Door het succes van de pilot (Arisz et al. 2009, van der
Stoep 2009) zijn reeds in 2009 door het ministerie van lnv
twee nieuwe beheerpakketten voor akkervogels geïntroduceerd:
een natuurbraak- en een wintervoedselpakket, beide
met als doel de foerageermogelijkheden voor akkervogels
in de winter te verbeteren. Het natuurbraakpakket is een
meerjarig pakket dat voor 60% bestaat uit graansoorten
(een mengsel van 80% zomertarwe en 10 % winterrogge Secale
cereale), voor 30% uit een mengsel van hoge- en lage
grassen (Roodzwenkgras Festuca rubra, Veldbeemdgras Poa
pratensis, Westerwolds Raaigras Lolium cf. multiflorum, Rietzwenkgras
Festuca arundinacea) en voor 10% zaaddragende
gewassen en kruiden (luzerne Medicago sativa, Margriet Leucanthemum
vulgare, Klaproos Papaver sp., Voederwikke Vicia
sativa. en de groenbemesters bladrammenas Raphanus sativus
oleiferus en gele mosterd Sinapis alba).
Het wintervoedselpakket bestaat uit een mengsel van zomergranen.

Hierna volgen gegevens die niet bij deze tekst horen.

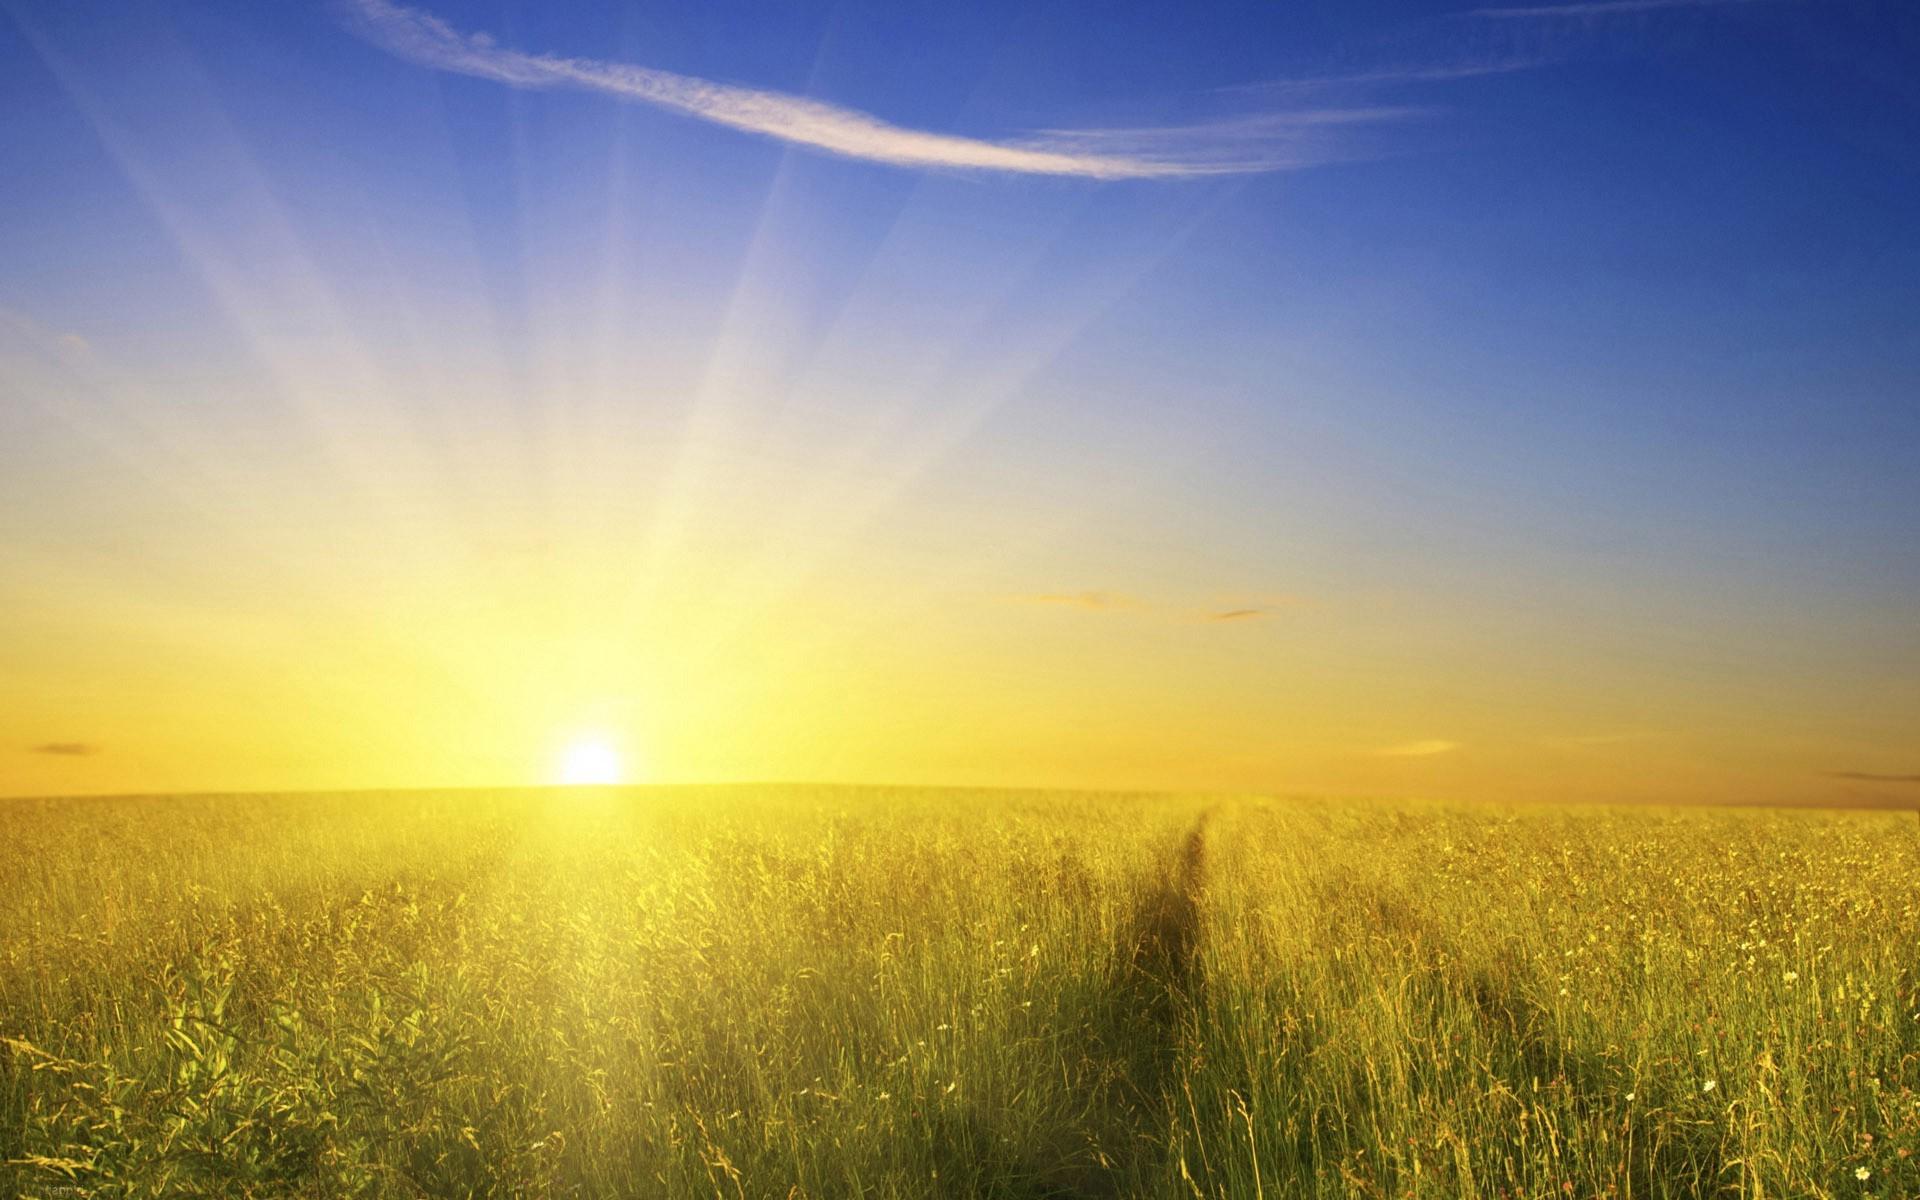 sunlight-landscape-food-sunset-grass-sky-field-sunrise-evening-morning-Sun-horizon-dusk-Rapese...jpg

De veldjes, variërend in oppervlakte van 0.5 tot
2.0 ha, worden voor 1 april ingezaaid met een zadenmengsel
dat aanvankelijk voor 98.3% van het gewicht uit granen
bestond (zomertarwe 85%, zomertriticale, x triticale sp.5%,
zomergerst Hordeum vulgare 5% en haver Avena sativa
5%). Verder bevatte het mengsel een miniem aandeel oliehoudend
zaad in de vorm van bladrammenas (1%) en gele
mosterd (0.7%). Om overwoekering door bladrammenas te
voorkomen bestaat het huidige mengsel alleen nog uit granen
(85% zomertarwe, 10% triticale en 5% zwarte haver). De
aanbevolen zaaihoeveelheid ligt tussen de 100 en 120 kg/ha.
In de eerste twee jaar van de nieuwe pakketten was de verhouding
natuurbraak/wintervoedsel 80:20%. In 2011 en 2012
bestonden de getelde plots alleen nog uit de wintervoedselvariant.
In dit artikel worden beide pakketten samengevoegd
en besproken als één wintervoedselpakket.
Om de effecten van wintervoedselveldjes beter te kunnen
beoordelen zijn bovendien systematisch tellingen uitgevoerd
op akkers met een regulier agrarisch beheer. In dit
artikel wordt deze vorm van agrarisch natuurbeheer tegen
het licht gehouden aan de hand van een analyse van de tellingen
uit de provincies Groningen en Drenthe.